Welcome to our Festival blog

We are a small congregation commemorating the 400th anniversary of the death of the village's Elizabethan composer, William Byrd (c.1540 - 1623).

We are planning to erect a permanent memorial to Byrd to mark the quatercentenary since his death, and have begun a fundraising appeal. Our events this year have included a talk on The Life and Times of William Byrd (30 June), including book release; a Commemorative Service of BCP Evensong (2 July); and, welcomed The Stondon Singers who gave a sell-out William Byrd Anniversary Concert on the actual day (4 July). Stondon Massey has also featured on BBC Radio 3's 'Composer of the Week' programme (3-7 July).
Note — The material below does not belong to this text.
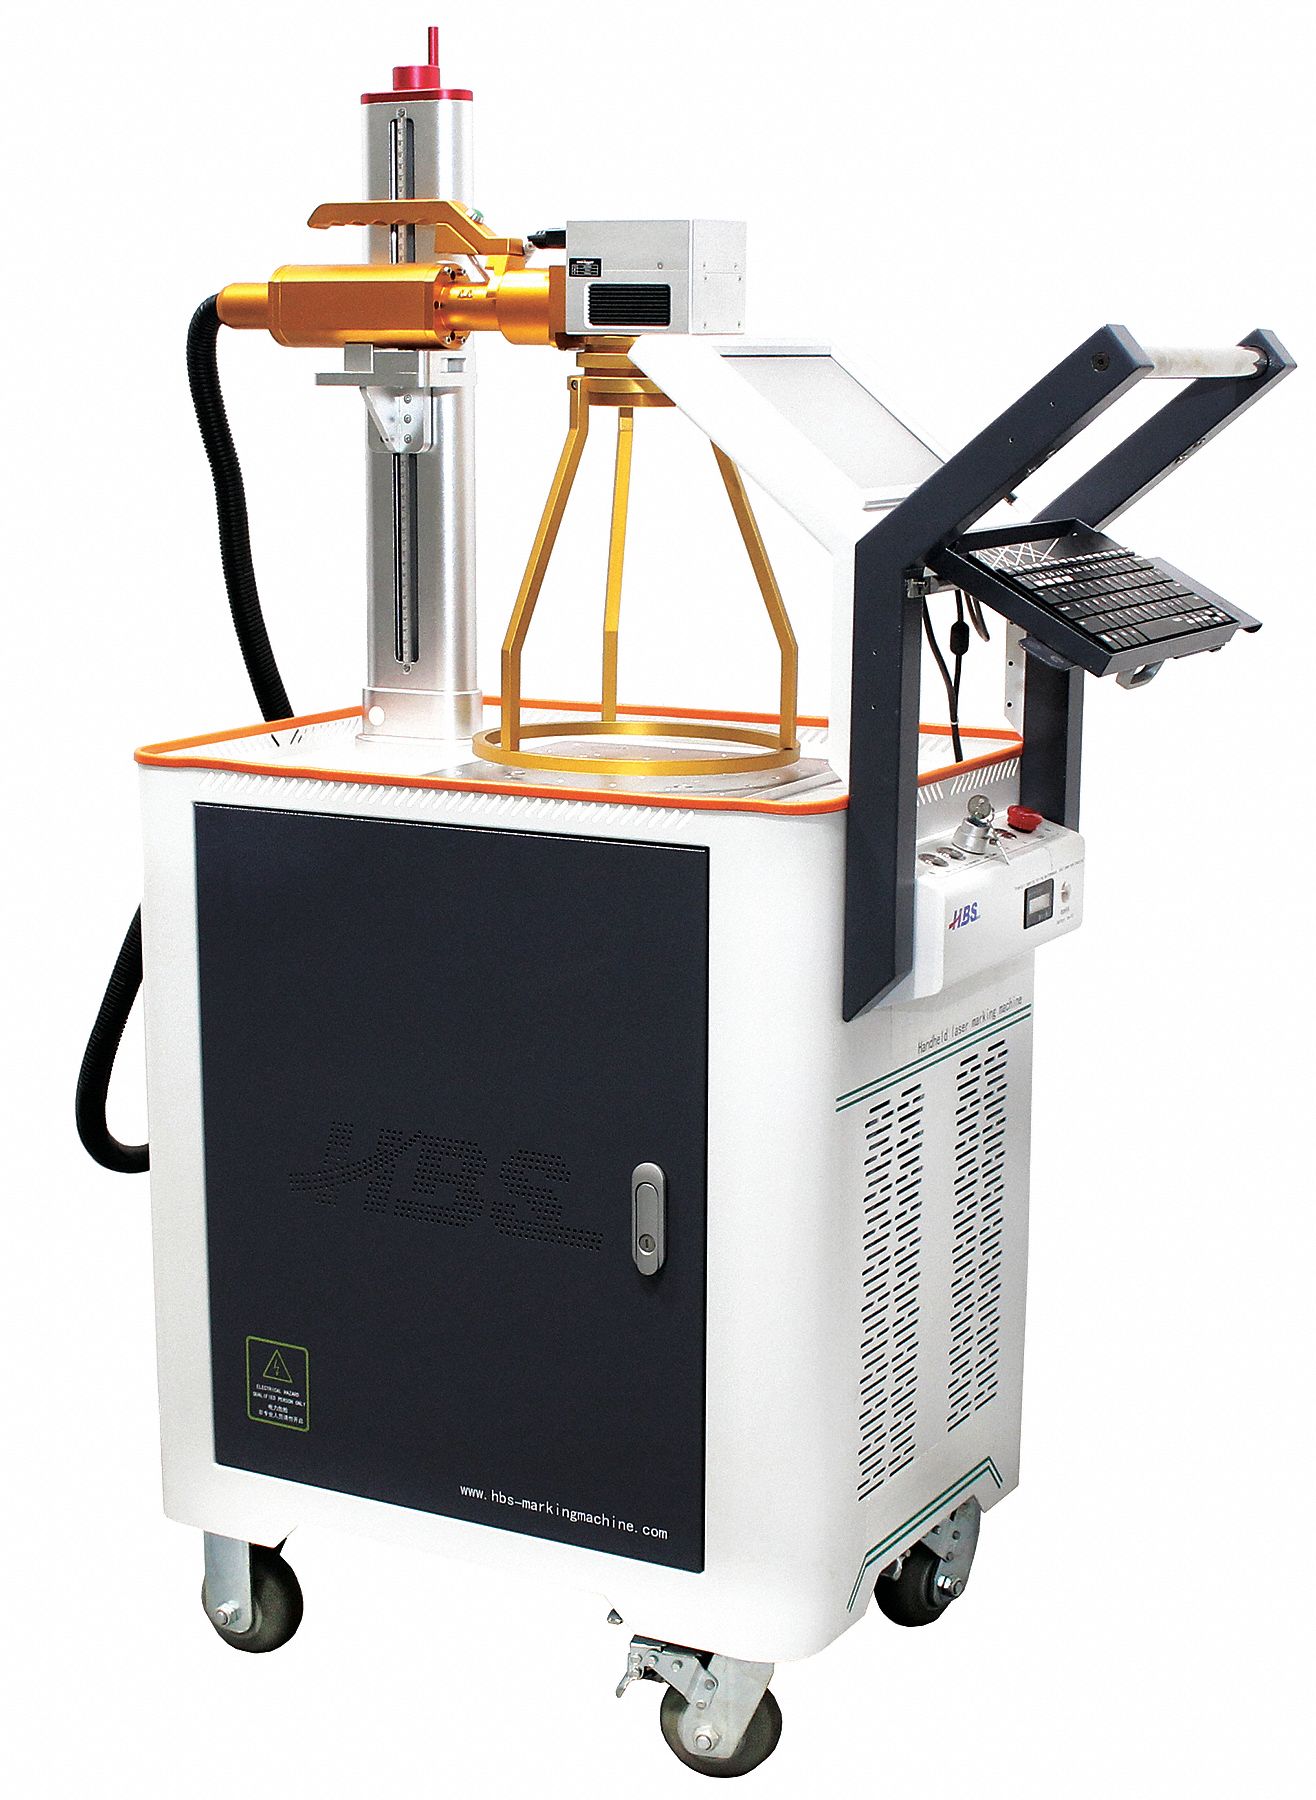 Laser Marking Machine: 110 V, 1 Phase, 60 Hz, 7 in x 7 in Marking Area

This website contains everything you need to know about William Byrd's life and music as well as his links with Stondon Massey. /

Friday 1 April 2011

Puns on Byrd

Both congregations at Stondon Massey and Blackmore have been very good in responding to requests to distribute leaflets and posters around the local community and to organisations whose members might be interested in attending the William Byrd Festival. This has meant me giving a notice at the beginning of the service each week.
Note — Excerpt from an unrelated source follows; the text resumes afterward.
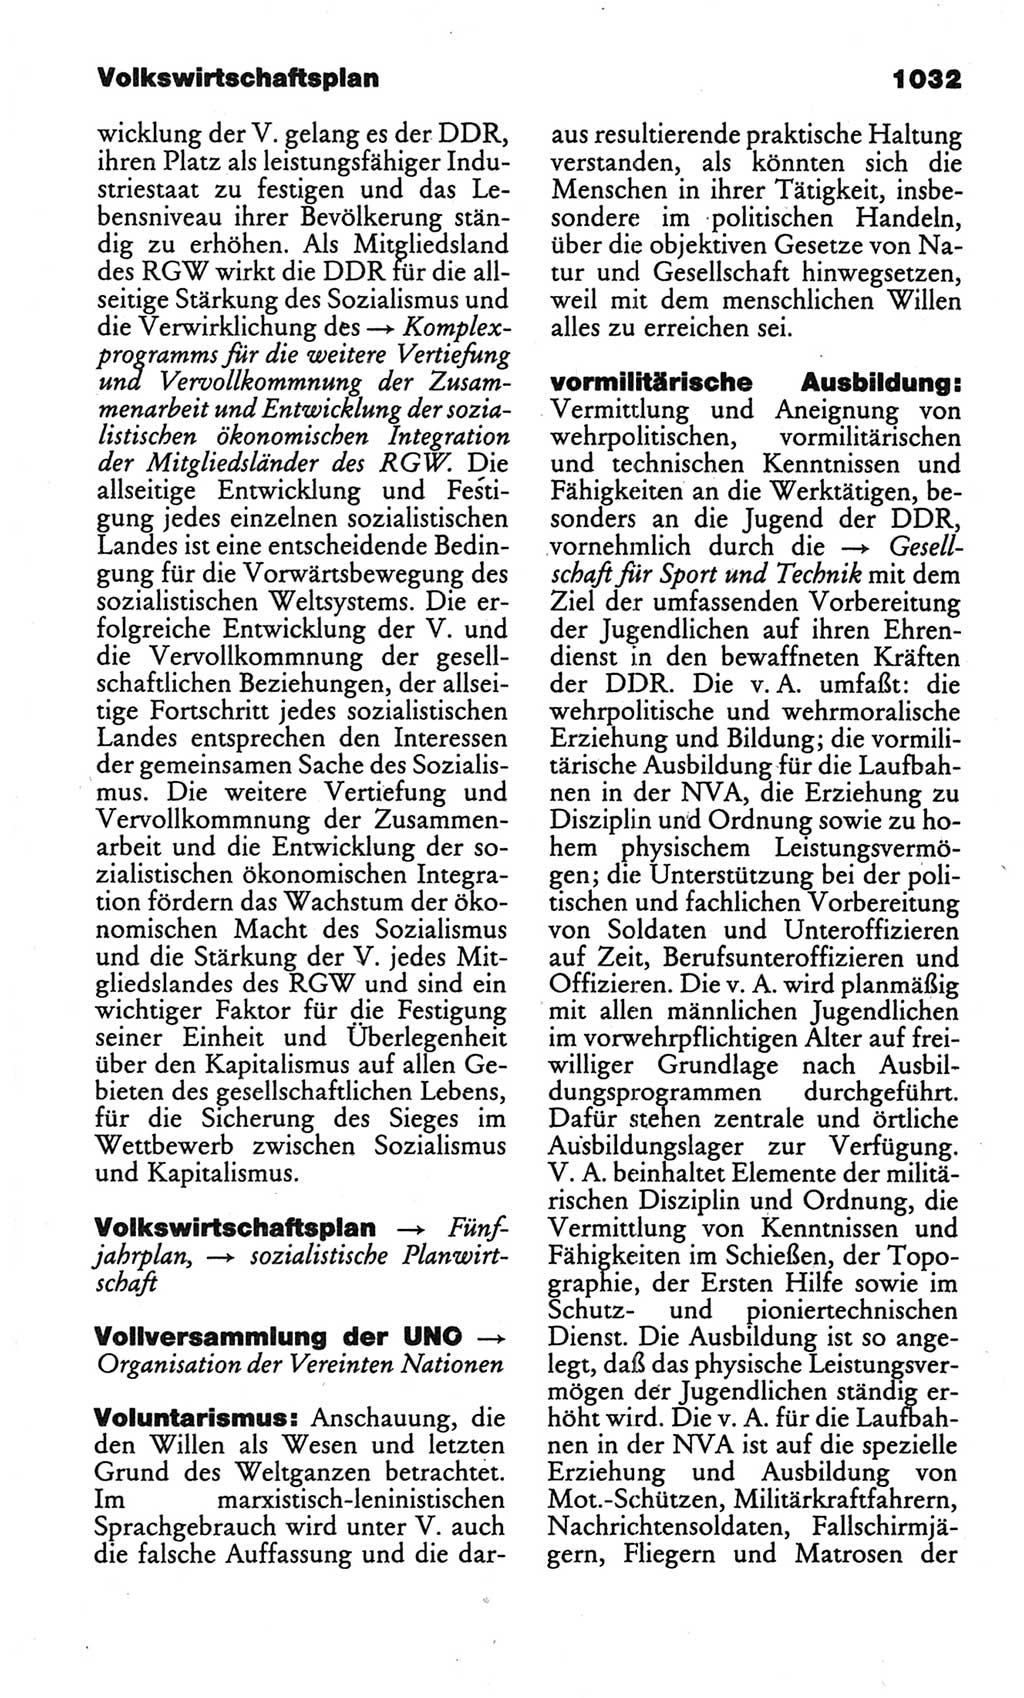 Kleines politisches Wörterbuch [Deutsche Demokratische Republik (DDR)] 1986, Seite 1032 (Kl. pol. Wb. DDR 1986, S. 1032)

Readers of our church magazine had a form enclosed which enabled them to buy tickets at a slightly reduced price for a short period of time. I called it the ‘Early Byrd discount’, which got a groan from those in church one Sunday. When I said that many people were buying tickets and flocking to the Byrd Festival, I got a “That’s terrible” remark from one of the congregation sitting in the front row. I then explained that the Festival has two objectives: to raise the awareness of the great composer and musician, and to raise money towards the creation of a new Garden of Remembrance in Stondon churchyard. By attending the Festival members of the congregation would be “killing two birds with one stone”. Of course the choirs will be engaging in bird song when they present their programmes in May. The Services on the Sunday mornings will be full of music: a dawn chorus. When a photographer comes to the event he or she will ask people to watch the birdie.

Once these play on words start you cannot stop, and find that others join in the fun.

One elderly lady came up to me after the service and said “Thanks for making me laugh”.

These puns however are perfectly justifiable! John Harley’s Byrd book, ‘Gentleman of the Chapel Royal’ notes that when John Bull gave a lecture about Byrd in 1597, he compared the great composer to “the Eagle”. Others referred to Byrd’s musical skill, describing him as “our phoenix”. There is also a drawing of an owl with the caption, “I wyll not sing shut in a cage”. This reference is surely to Byrd’s restricted life as a recusant Catholic, but equally someone who wrote protest songs. We learn also that Byrd himself revelled in punning too. On dedication of the first book of Gradualia to Henry Howard, the Earl of Northampton, he wrote (translated): “They say the swan sings more sweetly when death is near. If, in my old age, that BIRD’S sweetness has eluded me in these songs which I have decided ought to be dedicated to you, most illustrious Henry, I have had two powerful defences or incentives in trying in some way to imitate it”.